1. для заключения договора по инициативе гражданина или договора, по которому он будет выгодоприобретателем или поручителем. Например, если индивидуальный предприниматель арендует у вас помещение и вы указываете в договоре его паспортные данные;
2. исполнения договора, стороной которого либо выгодоприобретателем или поручителем по которому является гражданин. Например, если вы запрашиваете адрес гражданина для доставки ему товара;
3. осуществления и выполнения функций, полномочий и обязанностей, которые возложены на вас законодательством. Например, если вы получаете у клиента адрес его электронной почты, чтобы направить ему кассовый чек в электронной форме (Разъяснения Минкомсвязи России);
4. осуществления прав и законных интересов (ваших или третьих лиц) либо для достижения общественно значимых целей при условии, что при этом не нарушаются права и свободы гражданина. Например, если вы в целях обеспечения безопасности записываете Ф.И.О. и паспортные данные посетителей.

В остальных случаях обработка персональных данных осуществляется с согласия гражданина (п. 1 ч. 1 ст. 6 Закона о персональных данных). Например, придется получить согласие, если вы собираете данные граждан для маркетингового исследования или уступаете требование к должнику - физическому лицу.

Оператором персональных данных считается любое юридическое или физическое лицо, которое собирает, хранит, использует или передает персональные данные. Это могут быть компании, обрабатывающие данные клиентов (интернет-магазины, банки), работодатели (данные сотрудников), а также владельцы сайтов с формами обратной связи. Даже небольшая компания, собирающая номера телефонов для рассылки, считается оператором. Закон не делает исключений для малого бизнеса, поэтому любая организация, работающая с данными, должна соответствовать требованиям 152-ФЗ.

Субъекты персональных данных — это физические лица, чьи данные обрабатываются: клиенты, сотрудники, посетители сайтов. Например, данные клиентов включают информацию, предоставленную при оформлении заказа (ФИО, адрес доставки), а данные сотрудников — трудовые договоры, паспортные данные, сведения о зарплате. Закон требует учитывать различия между категориями субъектов при обработке данных, так как данные сотрудников и клиентов могут подпадать под разные уровни защищенности.

Некоторые случаи обработки данных освобождены от требований 152-ФЗ. Например, обработка данных в личных целях (ведение личной записной книжки) или данные, необходимые для государственных функций (перепись населения), не подпадают под закон.

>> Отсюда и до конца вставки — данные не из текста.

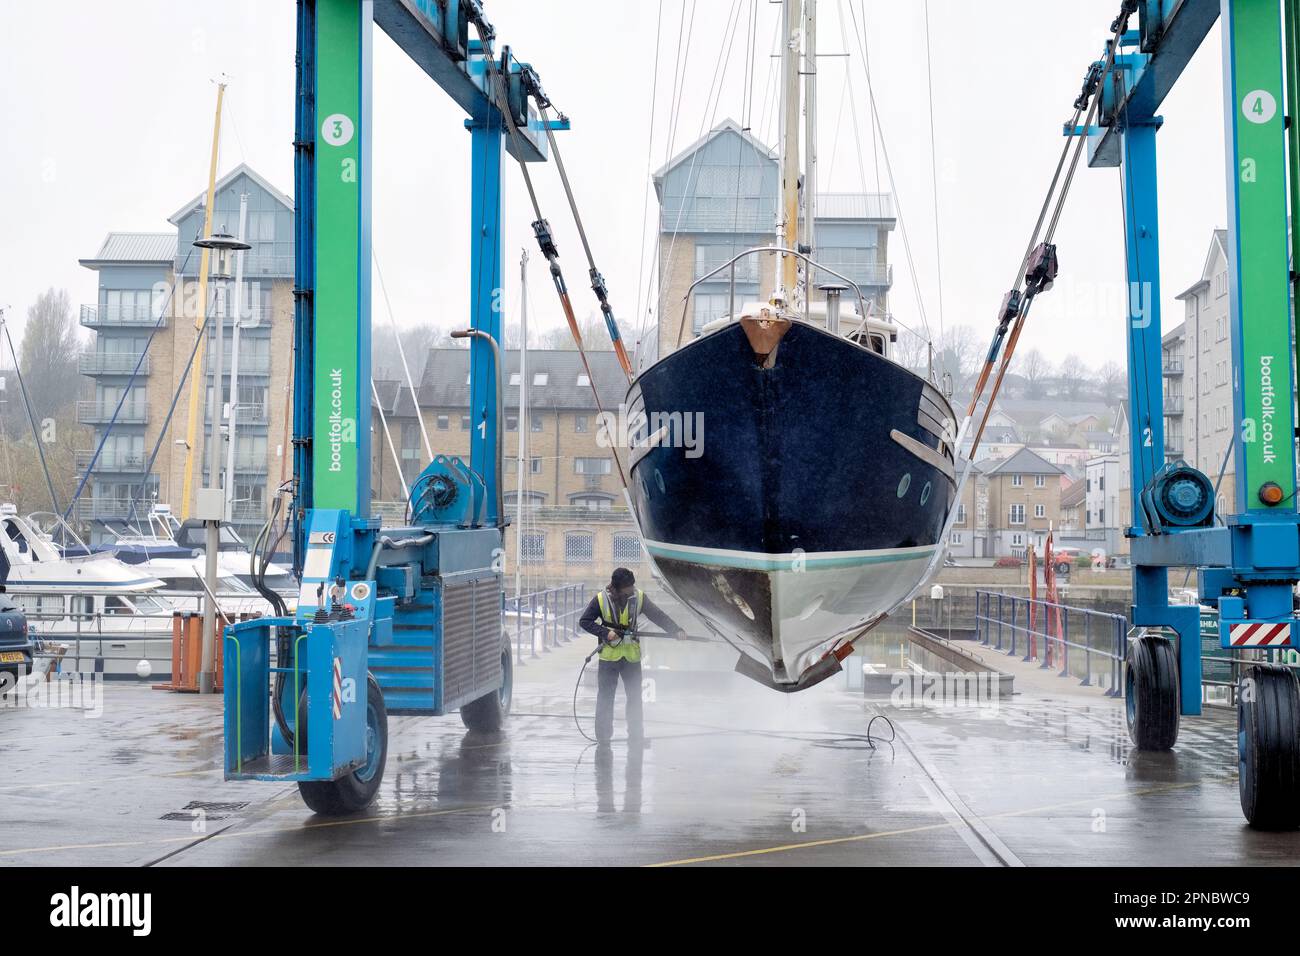 A female boat yard maintenance operator cleans the hull of a boat lifted from the water in Portishead Marina UK. the boat is held in a Wise Boat Hoist Stock Photo

Однако такие исключения редки, и большинство коммерческих организаций обязаны соблюдать все требования.

Перед началом обработки персональных данных оператор обязан уведомить Роскомнадзор, предоставив информацию о целях обработки, категориях данных и мерах защиты. Уведомление подается через портал Роскомнадзора или в письменной форме. Исключения предусмотрены для случаев, когда данные обрабатываются в рамках трудовых отношений или с согласия субъекта. Несвоевременное уведомление может привести к штрафу. Уведомление — это первый шаг к легальной обработке данных, и его отсутствие часто становится причиной проверок.

Оператор обязан получить письменное или электронное согласие субъекта на обработку данных. Согласие должно быть конкретным, информированным и добровольным, с указанием целей обработки. Например, форма на сайте должна содержать текст согласия и галочку, которую пользователь ставит самостоятельно. Отсутствие согласия или его неправильное оформление влечет штрафы. Важно, чтобы субъект мог отозвать согласие в любой момент, а оператор обязан это обеспечить.

Закон требует от операторов внедрения технических и организационных мер для защиты данных от утечек, утраты или неправомерного доступа. Это включает шифрование, ограничение доступа к данным, регулярное обновление ПО и обучение сотрудников. Конфиденциальность подразумевает, что данные не могут быть переданы третьим лицам без согласия субъекта, за исключением случаев, предусмотренных законом.

Субъект данных имеет право запросить у оператора информацию о том, какие данные обрабатываются, с какой целью и кому они передаются. Оператор обязан ответить. Также субъект может потребовать уточнения, блокировки или уничтожения данных, если они устарели или используются неправомерно. Невыполнение этих требований влечет штрафы.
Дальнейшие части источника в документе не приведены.